### Directions
Nothing but the text of the listing, repeated exactly, belongs in the answer; leave the images out.

### Source material

<<<<

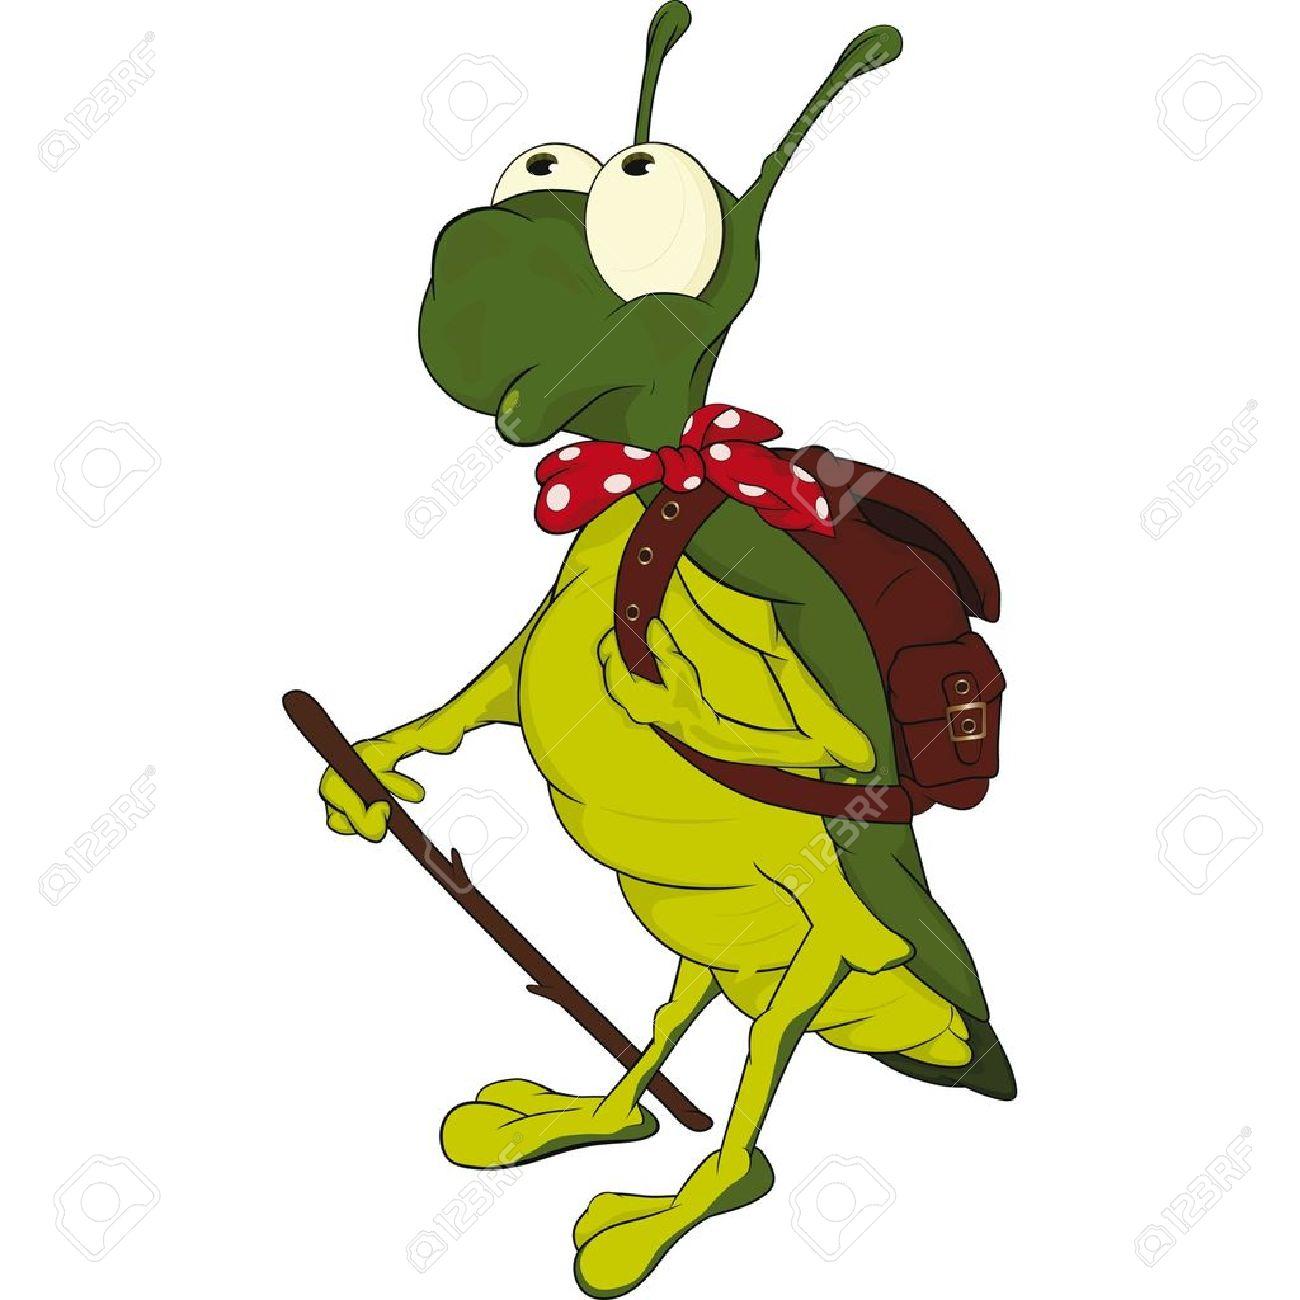 Cricket clipart singing #5
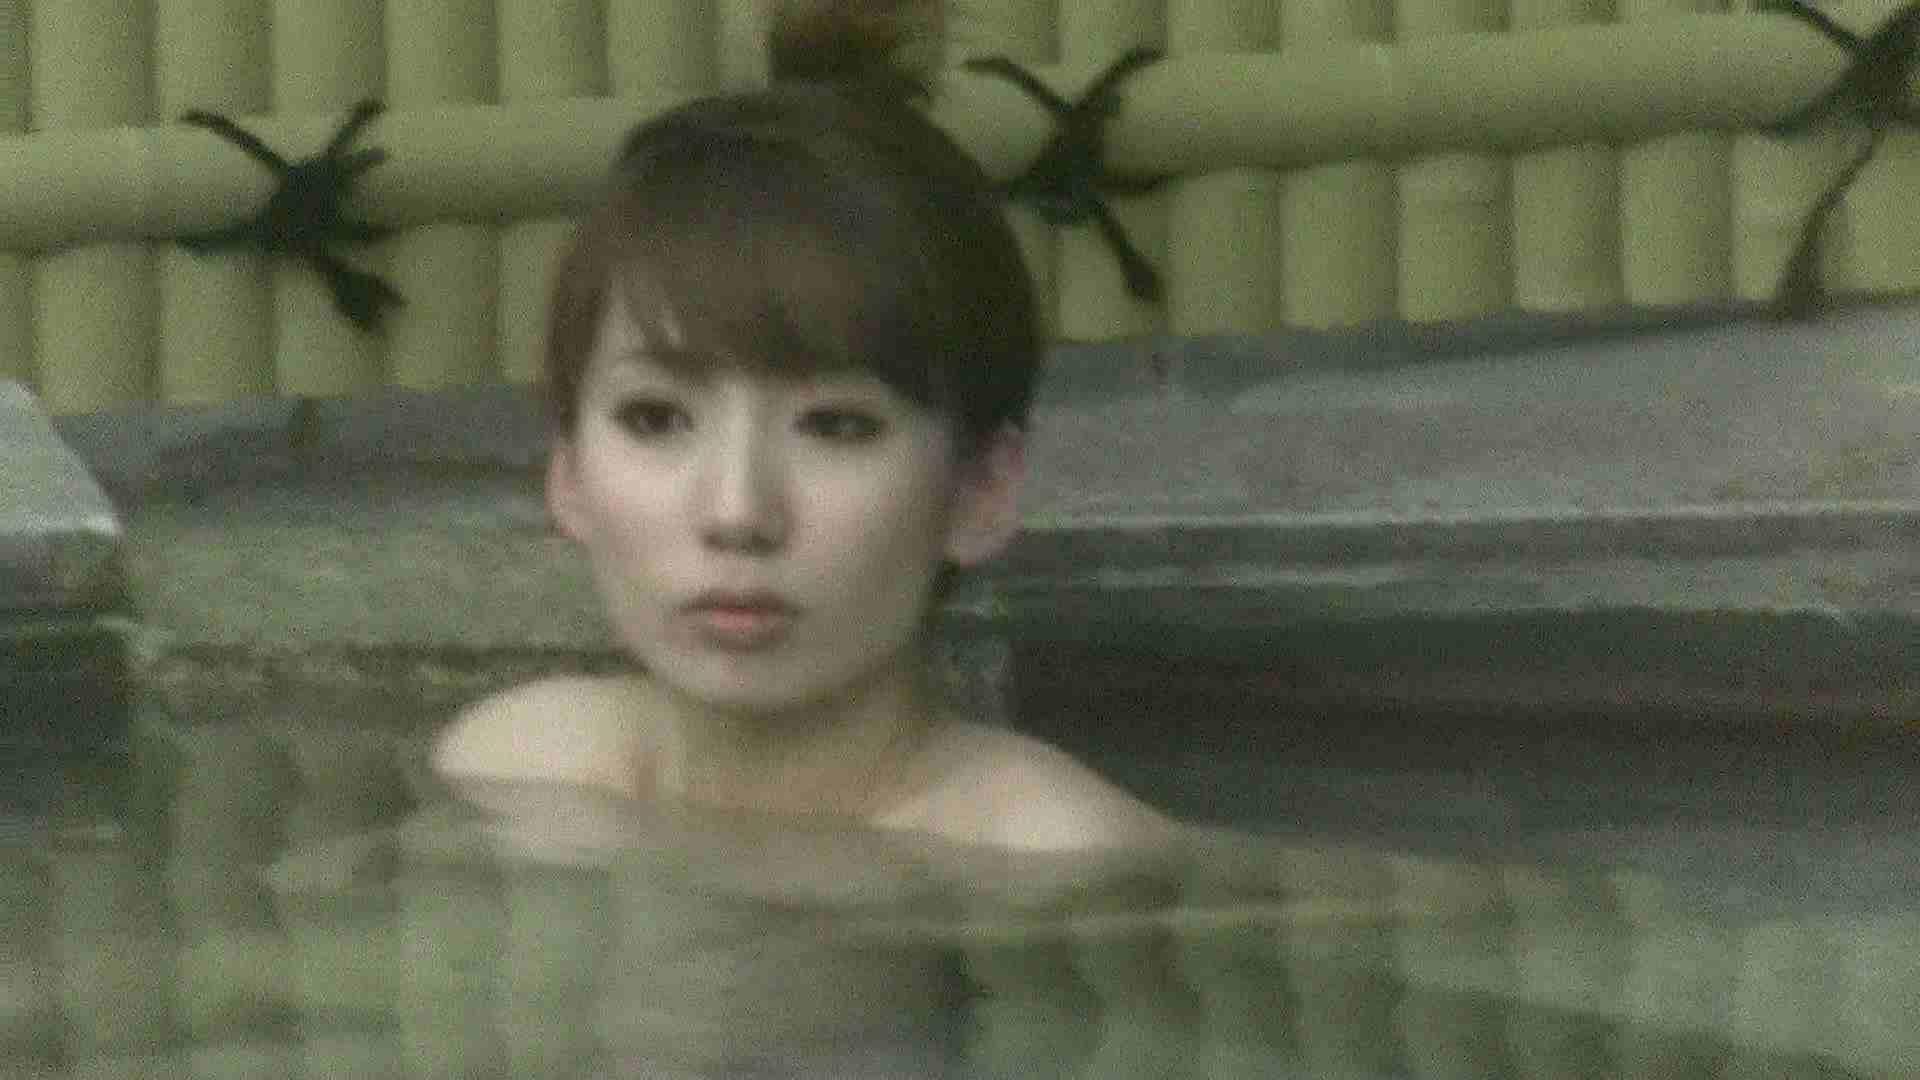 Aquaな露天風呂Vol.208 OLセックス  85画像 33
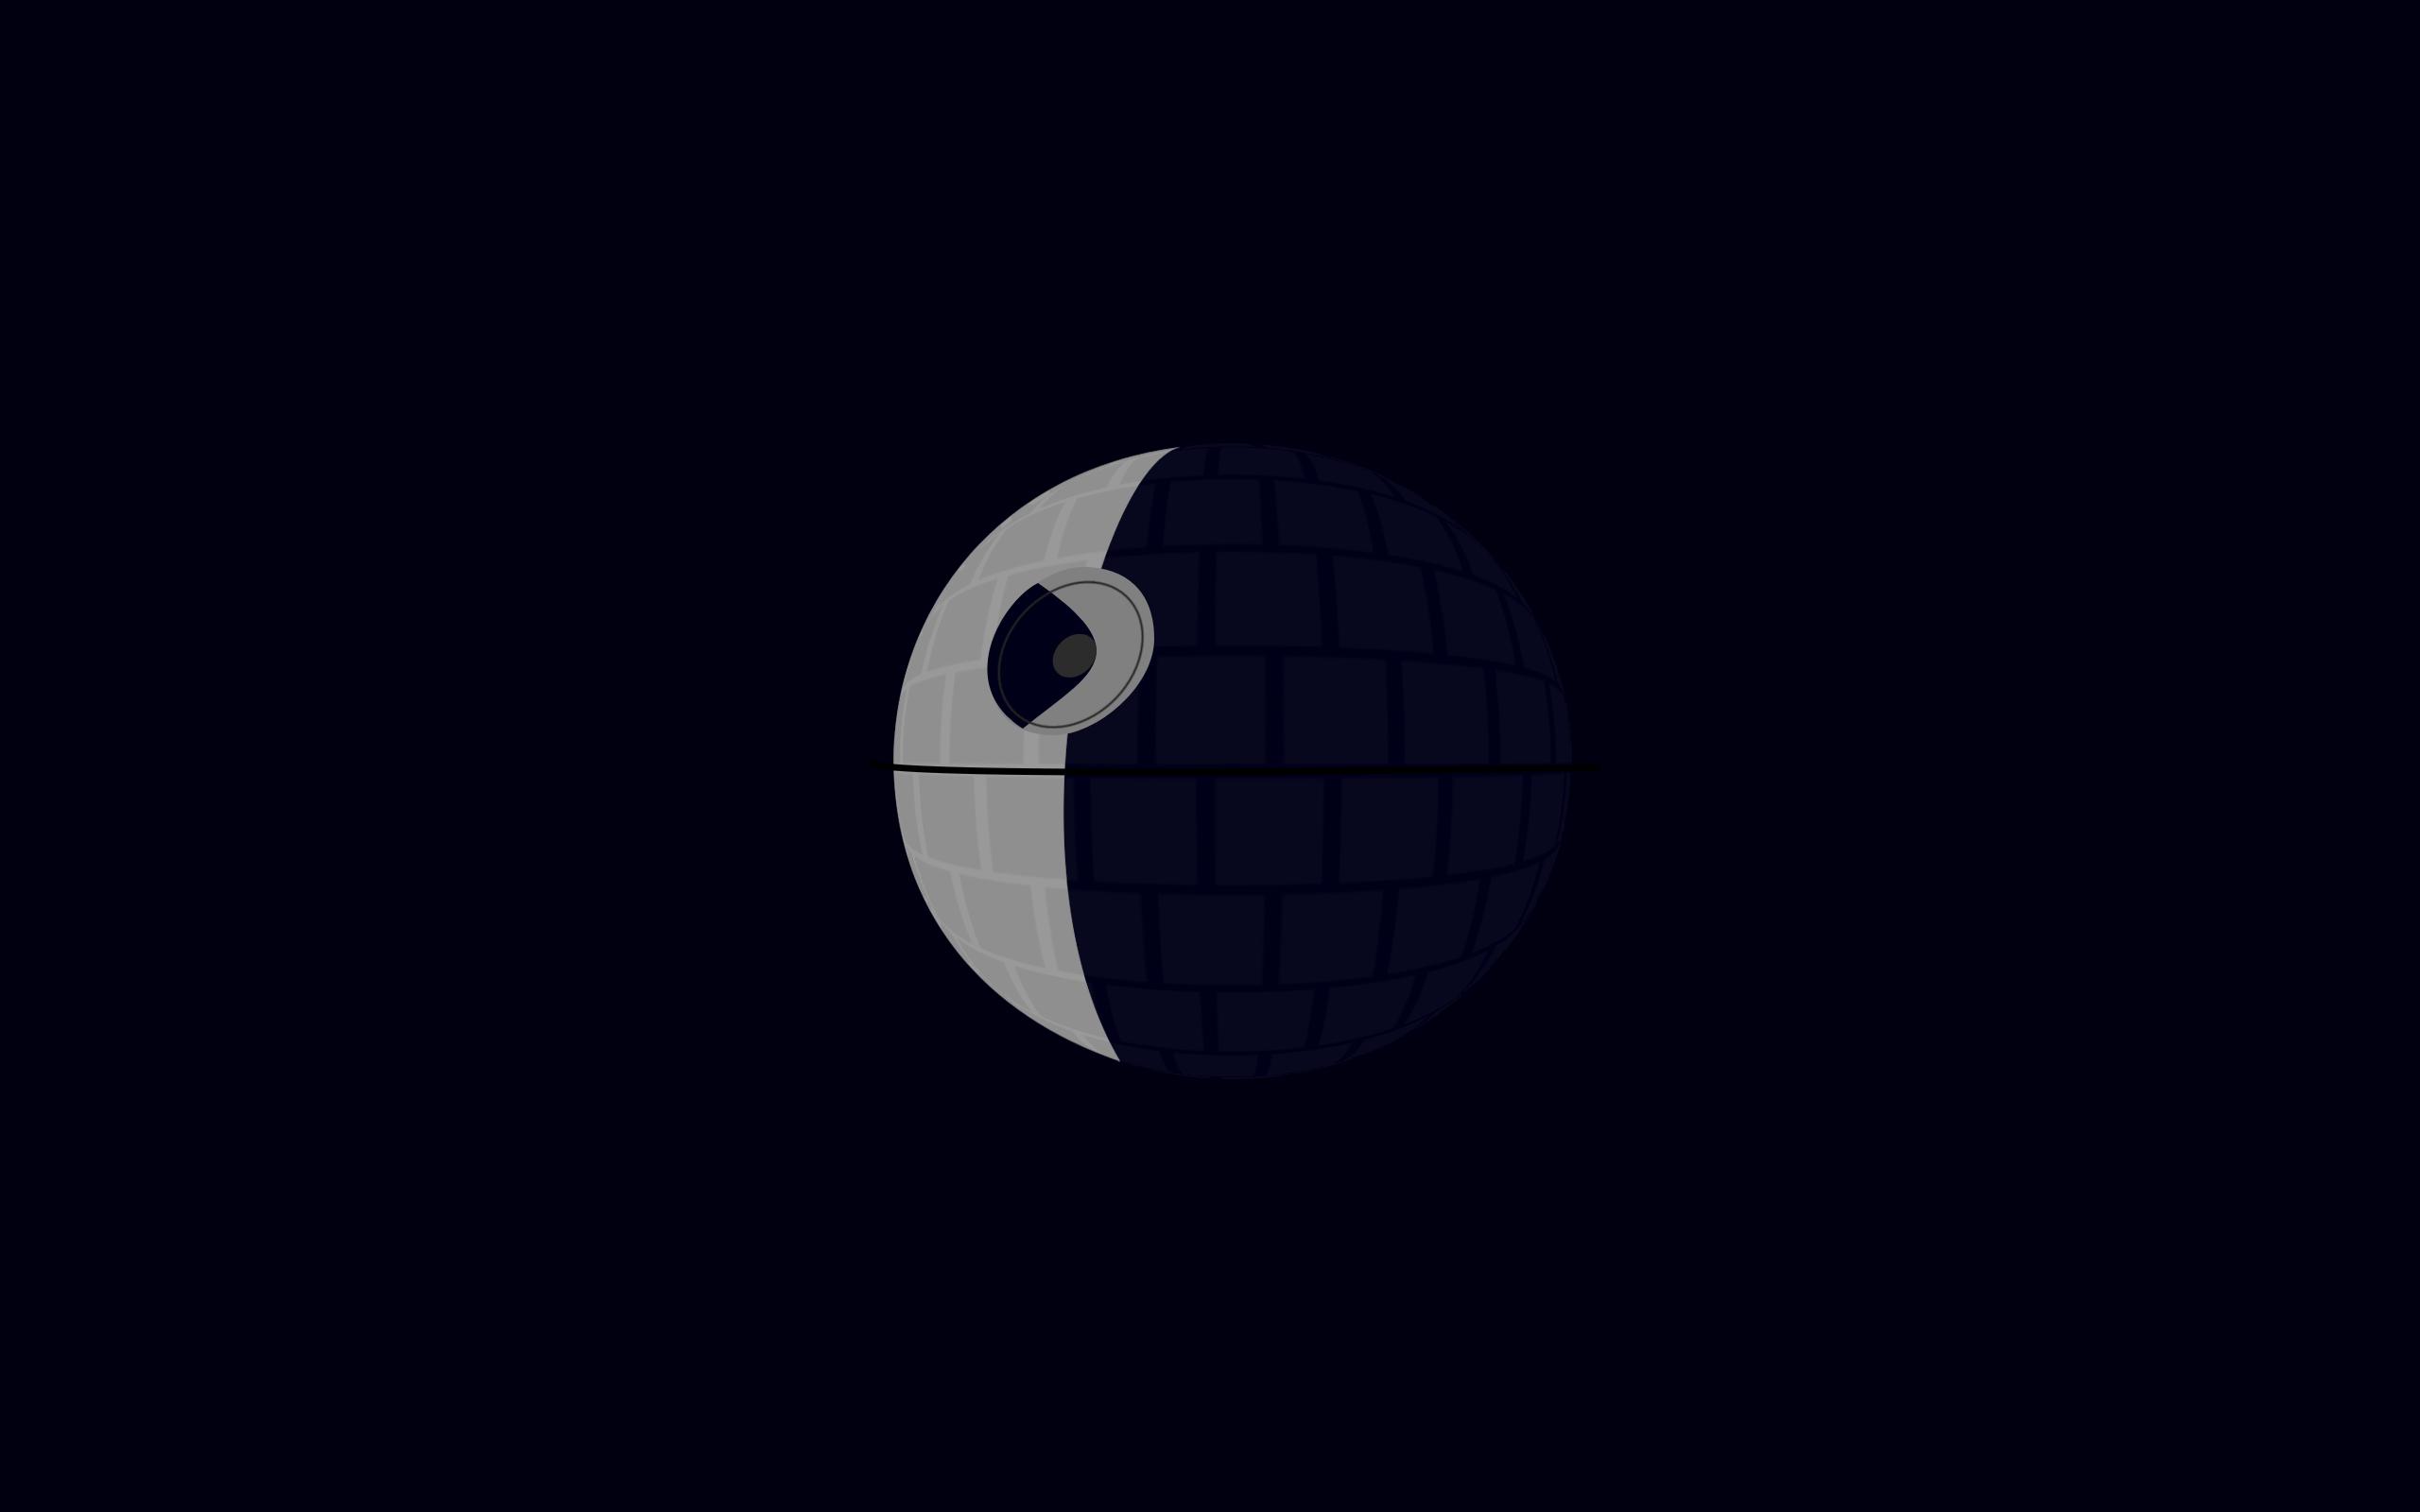 Star Wars Death Star Wallpapers Top Free Star Wars Death Star Backgrounds Wallpaperaccess

>>>>

### Problem solution
 Cricket clipart singing #5
 Aquaな露天風呂Vol.208 OLセックス  85画像 33
 Star Wars Death Star Wallpapers Top Free Star Wars Death Star Backgrounds Wallpaperaccess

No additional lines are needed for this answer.